Abstract

Anti-depressant treatment can be viewed as an exercise of biopower that is articulated through policies and practices aimed at the reduction of depression, population healthcare costs and effects on labour force productivity. Drawing upon a feminist governmentality perspective, this article examines the discourses that shaped women's experiences of anti-depressant medication in an Australian qualitative study on recovery from depression. The majority of women had been prescribed anti-depressants to treat a chemical imbalance in the brain, manage symptoms and restore normal functioning. One-third of participants identified anti-depressants as helpful in their recovery, while two-thirds were either highly ambivalent about, or critical of, medication as a solution to depression. Thirty-one women who identified the ;positive' benefits of anti-depressants actively constituted themselves as biomedical consumers seeking to redress a chemical imbalance.
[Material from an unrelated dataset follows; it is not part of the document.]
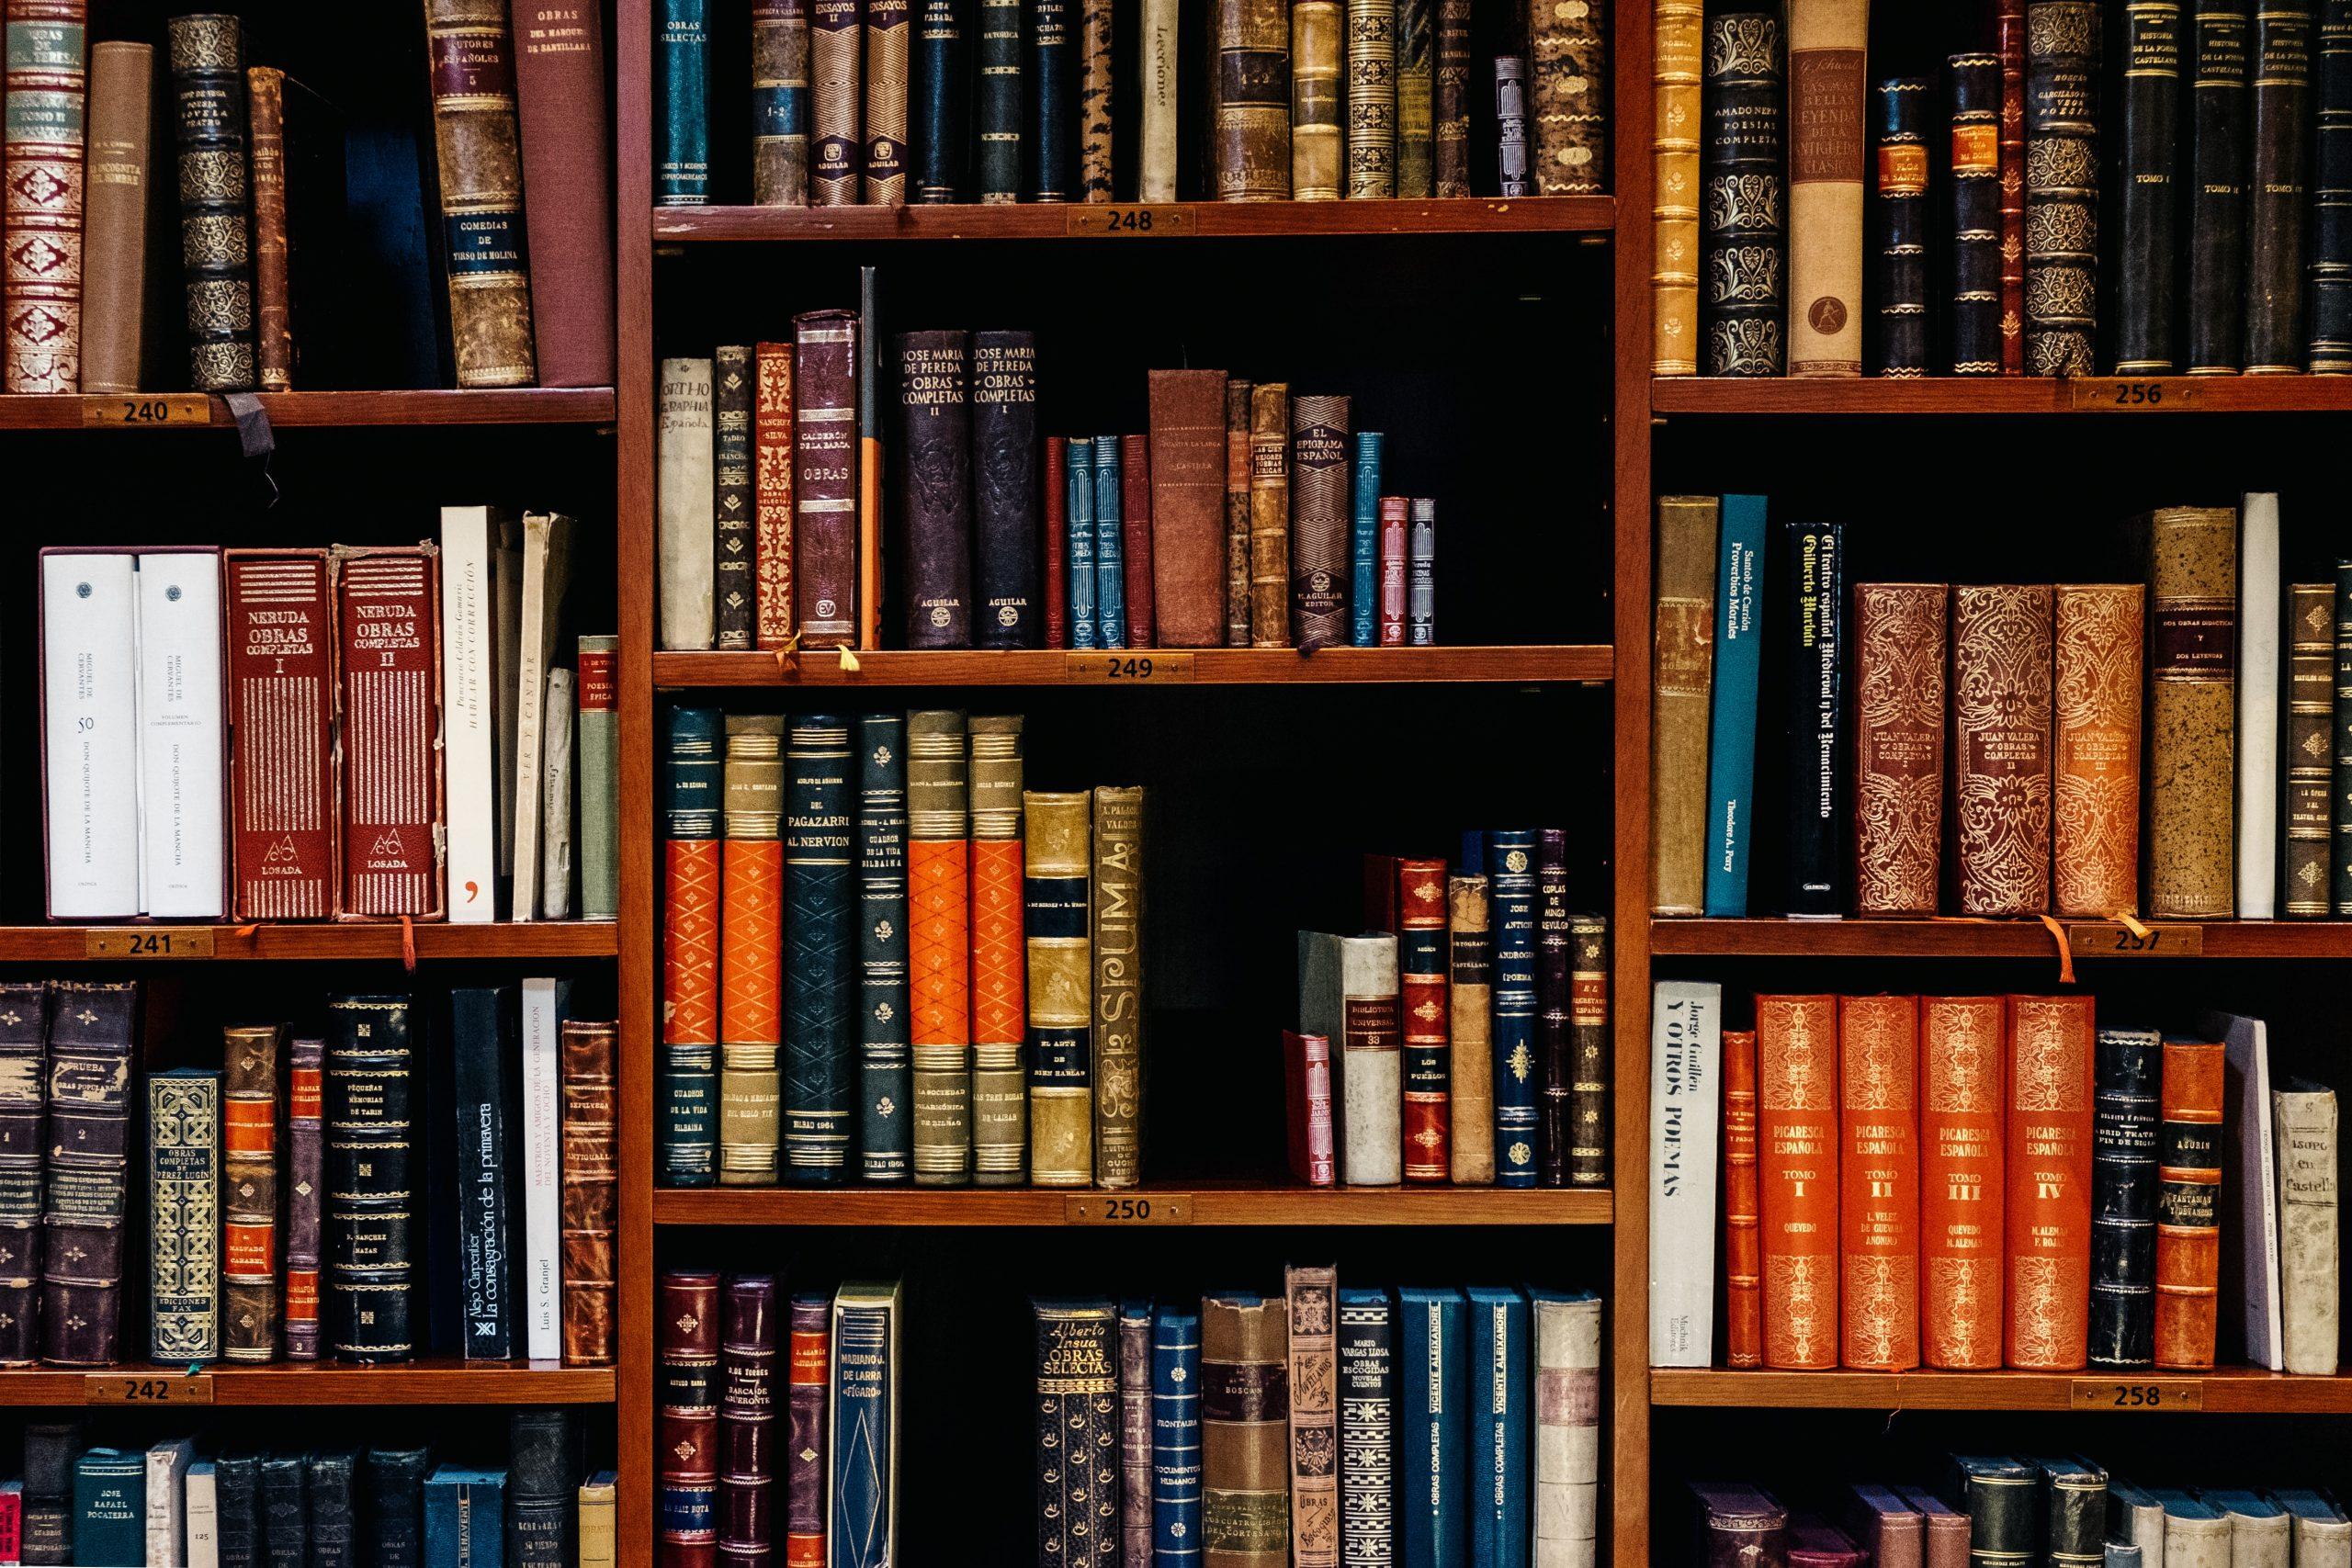 A bookshelf full of leather-bound books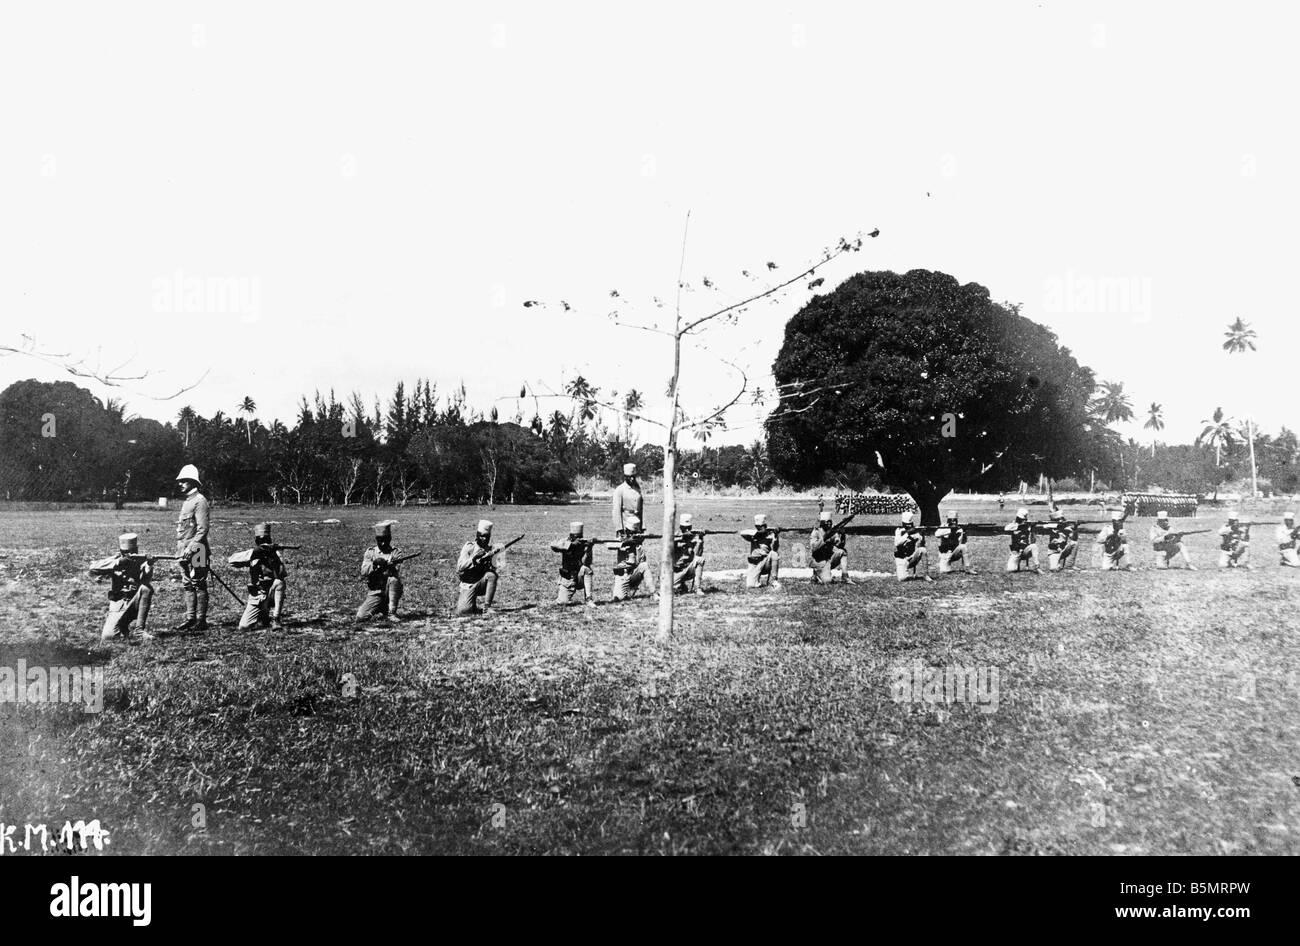 9AF 1914 0 0 A1 1 Hilfstruppen Deutsch-Ostafrika Weltkrieg Krieg in den Kolonien Deutsch-Ostafrika heute Tansania Training Stockfoto

The problem of depression, the emergence of molecular science and the push for pharmacological solutions are contributing to the discursive formation of new subject positions - such as the neurochemically deficient self. Three themes were identified in relation to medication use, namely restoring normality, signifying recovery success and control/uncertainty. Anti-depressant medication offered women a normalized pathway to successful recovery that stood in stark contrast to the biologically deficient and morally failing self. These women's stories importantly reveal the gender relations and paradoxes arising from biopolitical technologies that shape selfhood for women in advanced liberal societies.